Sacerdócio X motorista de ônibus

Durante alguns anos eu deixei de escrever aqui no blog. Não por falta de gosto, mas porque eu precisava me reciclar, me reencontrar, ter novas experiências. O sacerdócio me deu isso tudo. Minha jornada, ao lado do meu Pai Marcio de Jagun tem sido enriquecedora e muito proveitosa, por isso, resolvi escrever novamente.

É como meu Pai sempre diz: Sacerdócio de candomblé é como ser motorista de ônibus! Sim, é verdade. Nós temos a função de guiar, de conduzir da melhor maneira a família. Mas temos que ter sempre muito claro que nem todos seguirão conosco até o final da linha. Na verdade temos que ter uma fé muito grande para que nós mesmos, diante de tantos obstáculos, não desejemos para e saltar antes da hora. E, por este motivo, ser sacerdote é, eminentemente, uma questão de fé e de compromisso.

Como num ônibus, nós buscamos os melhores caminhos e em cada um deles entram pessoas de temperamentos diferentes, educação diferente, cultura diferente e desejos muito diferentes entre si.  Às vezes dá certa confusão, os passageiros/filhos se atritam, querem um lugar na janela assim que entram, não querem pagar a passagem ou acham que está caro. Isso é assim em todo lugar, há os querem seguir em frente e não se importam com “lugares marcados”, querem um lugar ao sol e isso lhes basta. Mas sempre há aqueles para quem o sol não lhes basta, o outro não lhe basta, a sua posição hierárquica não lhe basta e não estão nem um pouco preocupados se os mais velhos estão há mais tempo na Casa/ônibus, eles querem a sombra e água fresca, querem se esconder dos seus deveres. Não! Não com a sociedade religiosa, mas sim, dos seus Orixas.

Nestes casos, nada melhor que um bom “freio de arrumação”! para colocar as coisas em seus lugares.

As dificuldades da vida estão postas para todos. Para os que tem e para os que não tem dinheiro, para os que conhecem e para os que desconhecem as normas e etiquetas e, também, para aqueles que querem e para aqueles que não querem assumir seus lugares na sociedade chamada Egbé. A questão é saber quando e como isso vai acontecer na vida de cada filho. E isso, é, na minha opinião, função do sacerdote esclarecer a cada membro desta sociedade religiosa,  e não deve ser delegada a ninguém.

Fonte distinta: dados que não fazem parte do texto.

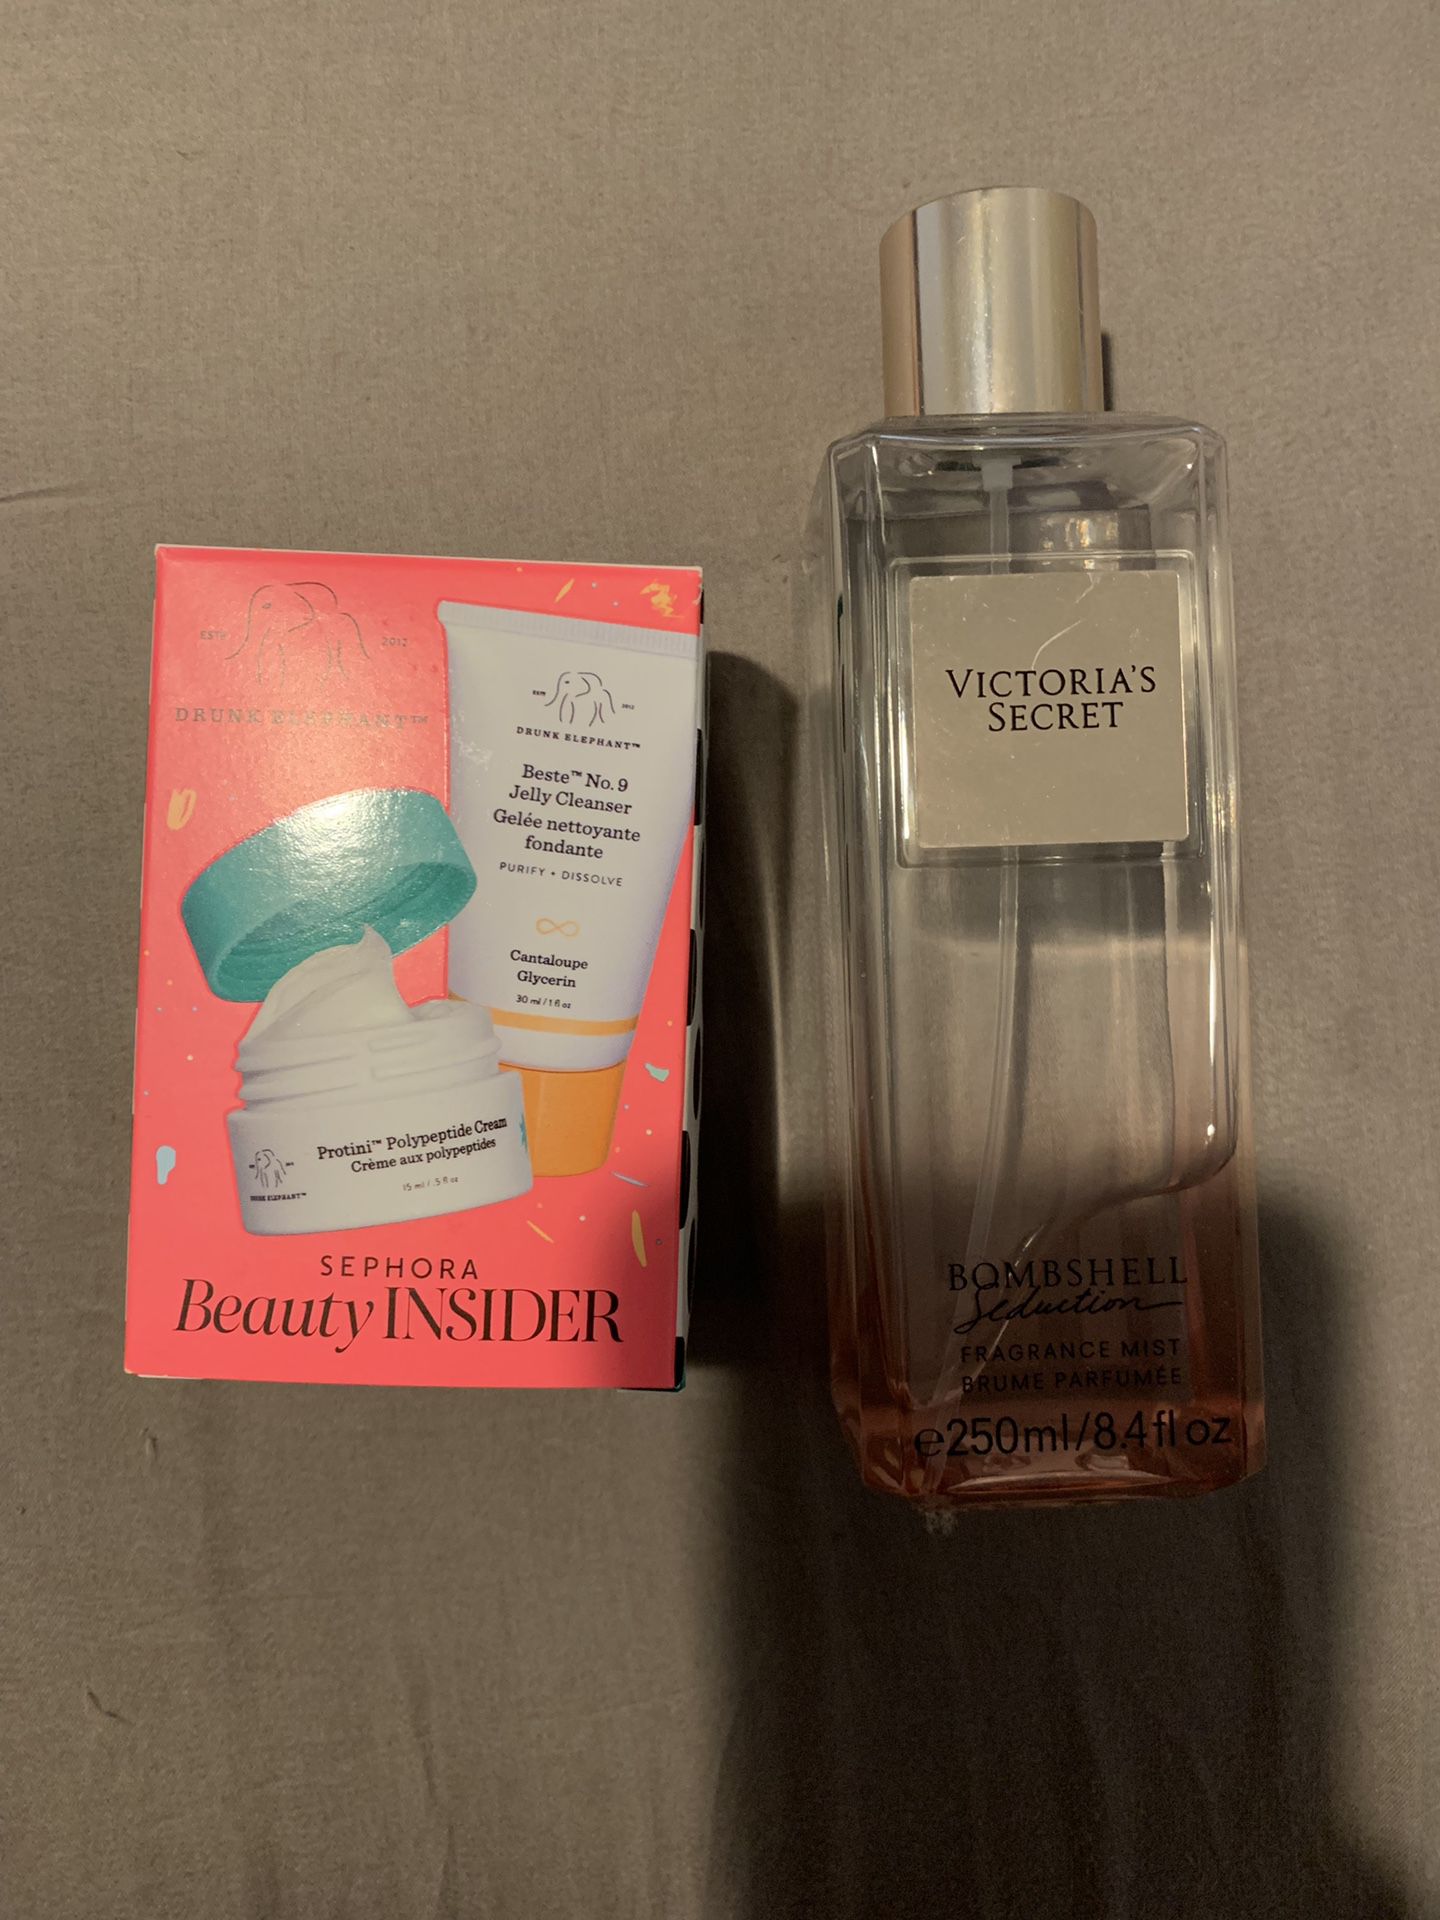 Vs Perfume & drunk elephant mini face cleanser and creme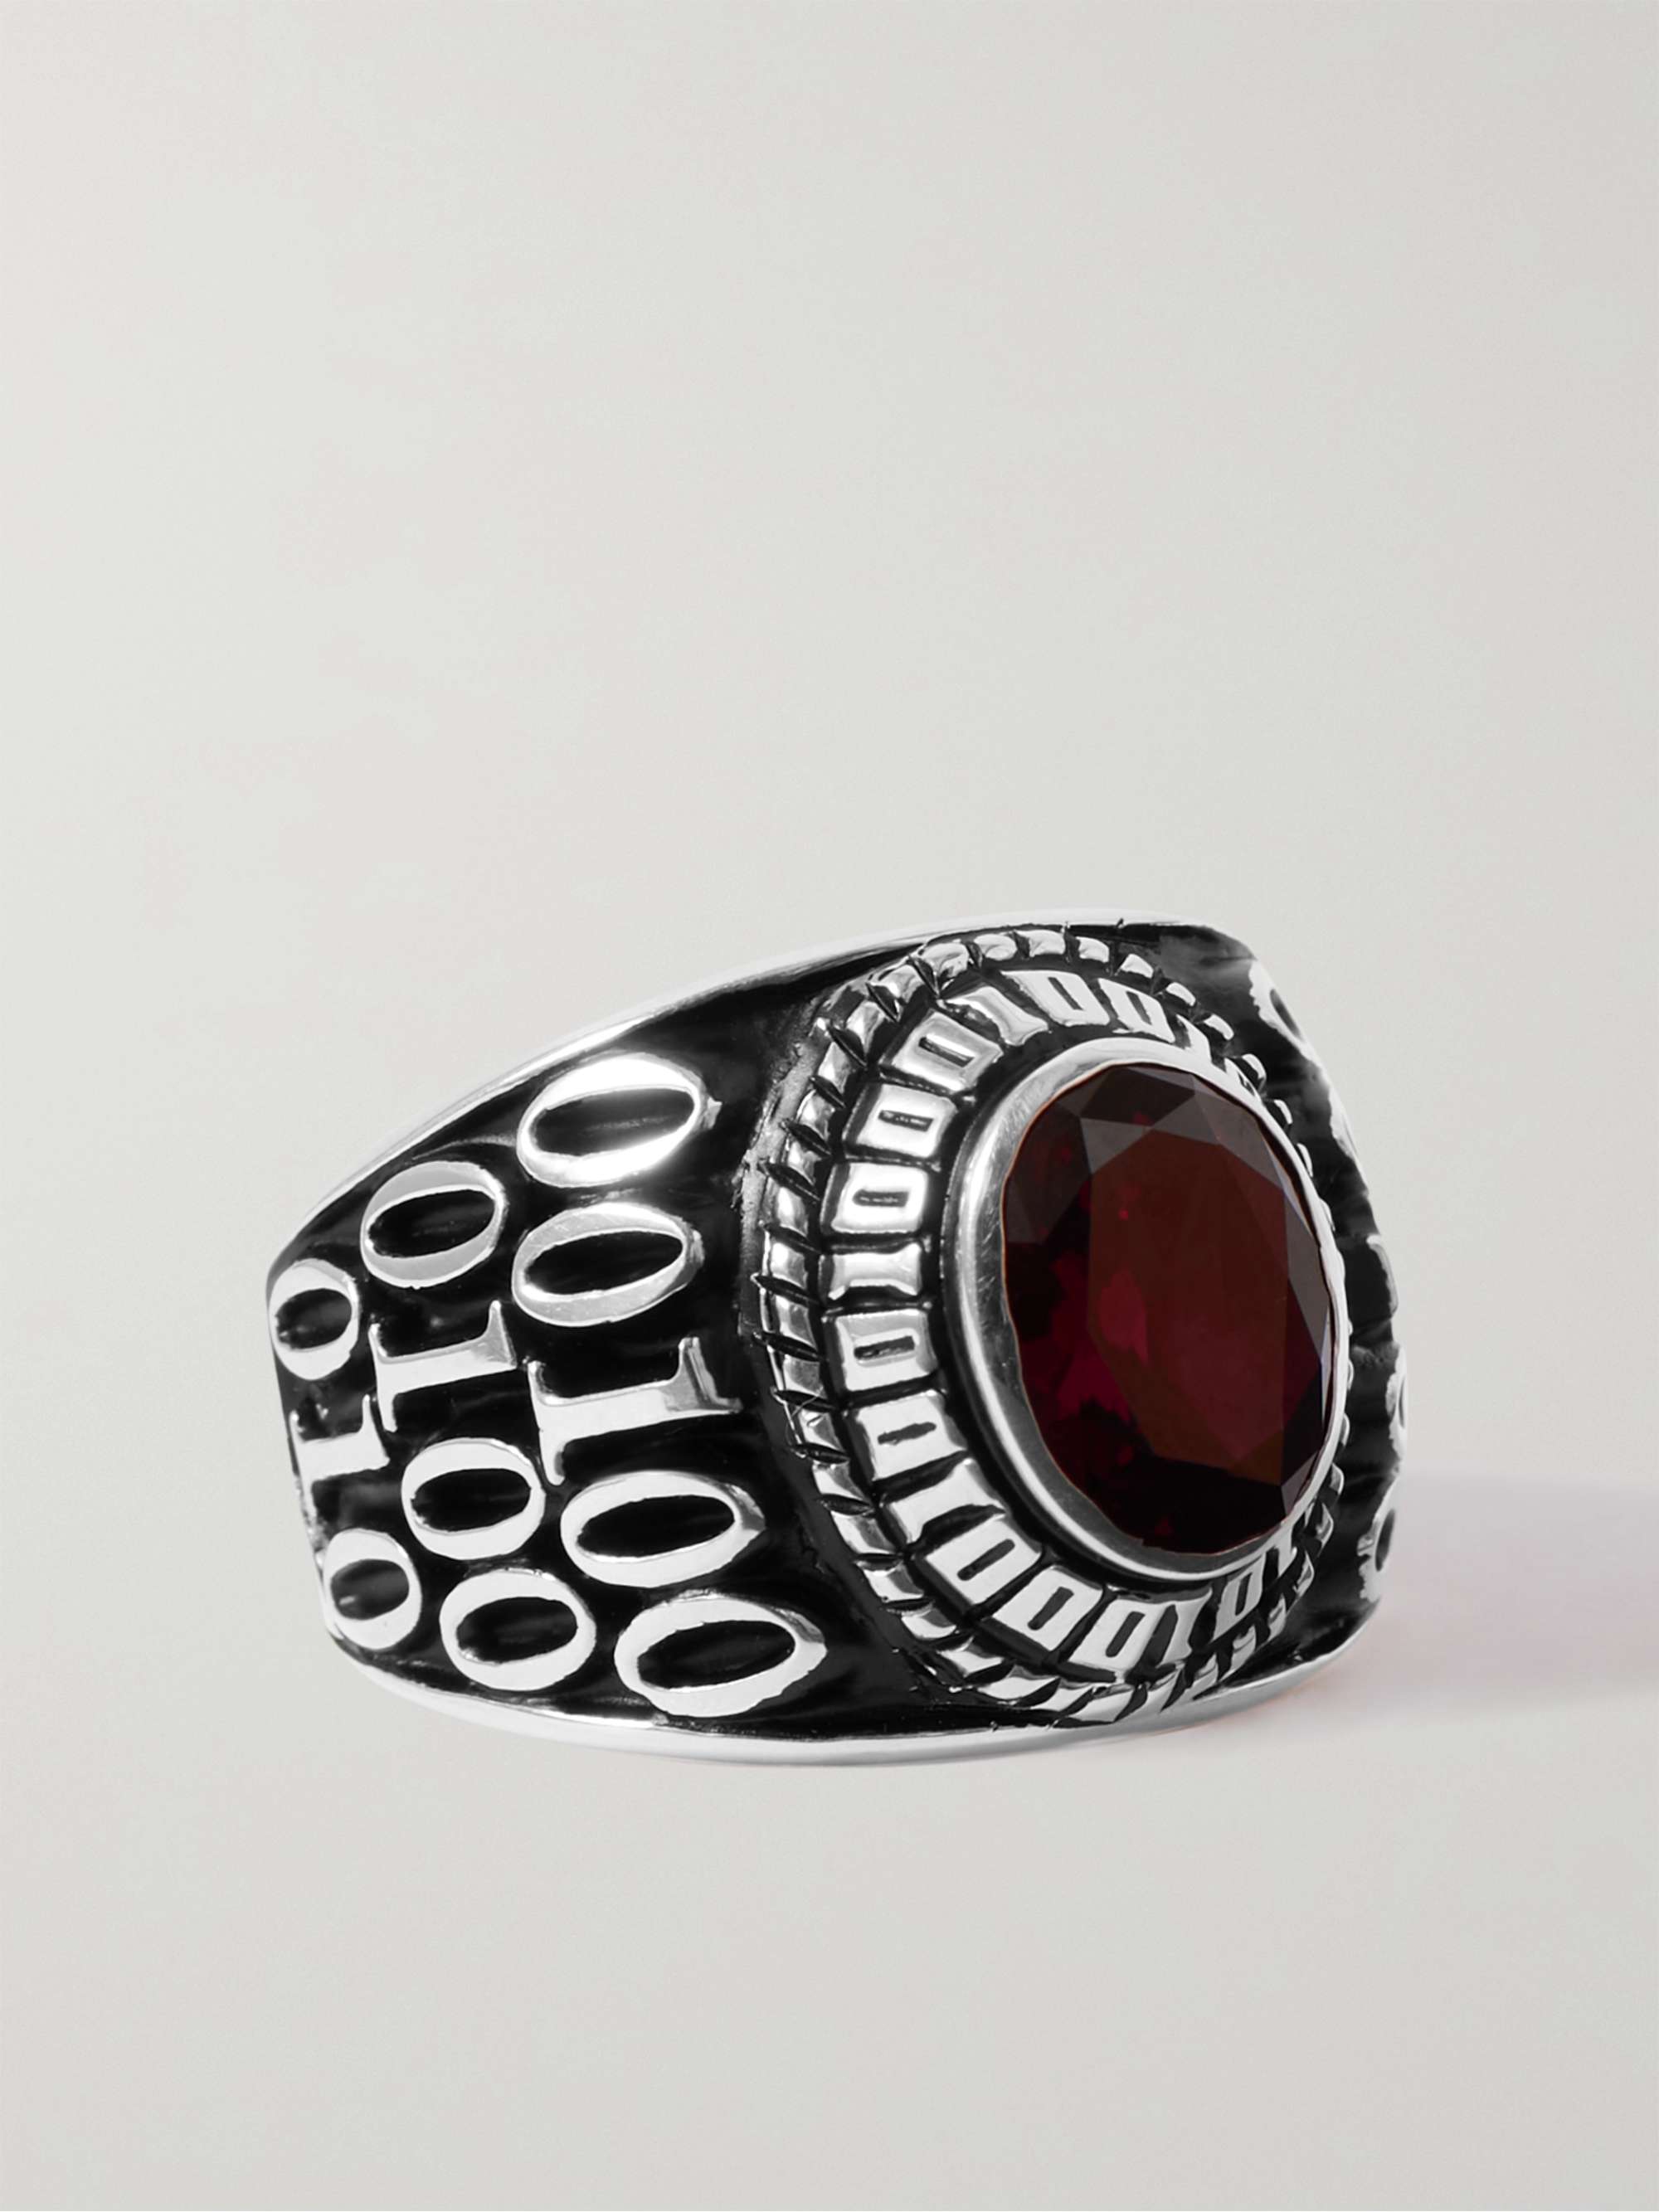 JAM HOMEMADE College Burnished Sterling Silver and Glass Ring

É um jogo delicado esta condução, não podemos ser duros demais, nem flexíveis demais, nem muito Pai, nem muito amigo. É um equilíbrio confuso, onde nem sempre o coração pode prevalecer. Algumas vezes é preciso que um ou outro passageiro/filho, salte antes do ponto dele para que o coletivo siga em paz. É doloroso, mas nem sempre será possível conciliar todos os interesses, e o que deve prevalecer é o conjunto harmônico. Portanto, ser capacitado e habilitado na sua função, seja motorista ou sacerdote, é fundamental.

Nós temos que ter nas mãos a direção com firmeza e deixar muito claro qual o percurso seguiremos, por quais caminhos vamos trilhar, os buracos e solavancos do caminho. Não se deve enganar ou omitir dos filhos as dificuldades e também não devemos poupá-los das tristezas. Afinal, ser sacerdote é muito mais que ficar noites em claro, é fazer escolhas, é guiar!

Vejo muita gente buscando o caminho “fácil” o milagre, o sonho, a felicidade, a sorte, o dinheiro e o amor. Mas vejo que estes se esquecem do fundamental. Esquecem de colocar nos seus pedidos a VERDADE INTERIOR. Axé e felicidades e que meu Pai Ogun lhes de um bom dia, todos os dias. Tomeje, 13/04/2016

Respostas de 3

  1. Partilho de suas opiniões, mais uma vez fico bastante orgulhoso em saber que nossa religião tem pessoas com o equilíbrio necessário a cuidar de cabeças de outras….. Isso alegra, ainda mais se levarmos em conta os modismos editados diariamente nos facebooks da vida, as contas de grau e ojás enormes usados por Iyawôs….. Nossa religião está a beira de virar um grande circo dos horrores e peço a Ayrá que dê sempre o devido discernimento a pessoas como vcs, para que ela não acaba de vez.